Follow her on Academia.edu and on Twitter @postkantian.
At the intersection between philosophical anthropology and biotechnology, Bianchi's postdoctoral project Governing Oneself: Critial Aesthetics of Enhancement aims to contribute to the theory of human self-understanding. From a relational perspective, she is asking what technology do we ethically want to put into practice. To better understand the ethical and social implications of emerging technologies, she is developing a ‘relational map’ that aims to give orientation in the debate on enhancement.

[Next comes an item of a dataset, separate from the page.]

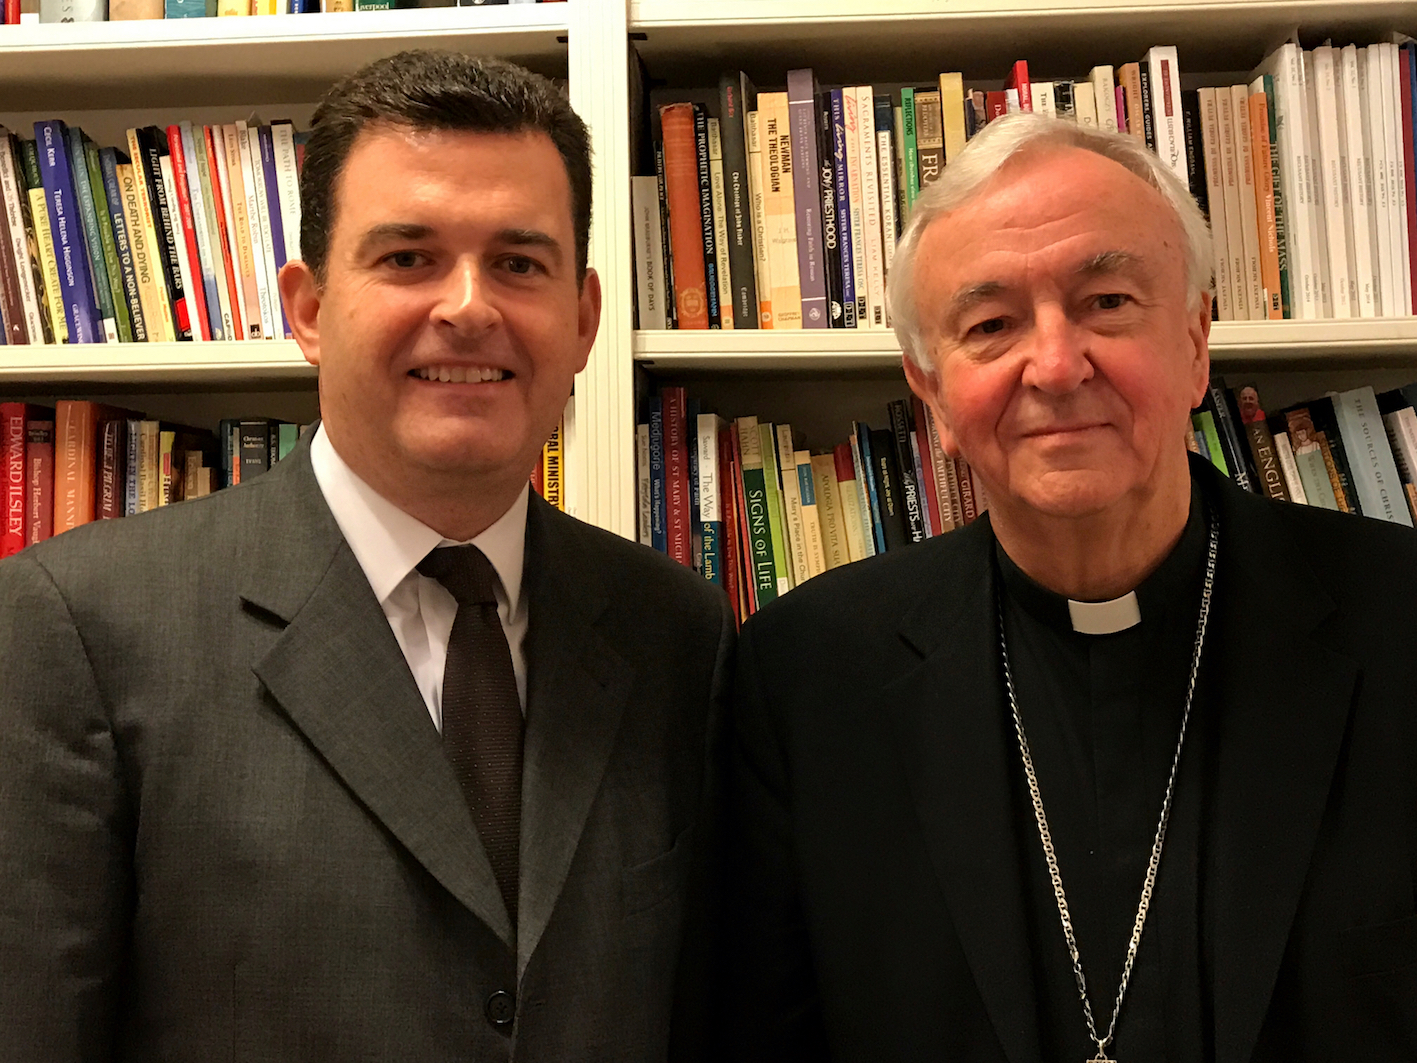 Delegate meets with Cardinal Archbishop of Westminster and Delegation Prior

The project contributes to the theory of human self-understanding. This debate is motivated by the current biotechnological challenge. Bio-conservatives, liberals, trans- and post-humanists argue for the advantages or warn of the risks of enhancement. In nearly all studies the individuals are misunderstood as isolated monads. The postdoctoral project at hand, however, will focus on the relationally embedded individual. Starting from that relational concept, two core hypotheses will be taken into account:
- The first core hypothesis is guided by the presumption that the debate on enhancement needs to be grounded by re-actualising concepts of anthropology. This re-actualisation will start with the “self-interpreting animal” to open the space for concepts of an exemplary ethic embedded in the modes of living.
- Whereas trans-humanist or post-humanist approaches seem to replace a divinity by individuals building their “Tower of Babel”, the second core hypothesis deals with the question of measuring forms of enhancement without limiting a priori. Based on the exemplary approach, the project aims to provide orientation in the biotechnological field. The modes in which this can be considered will be formulated as a form of a “new humanism”.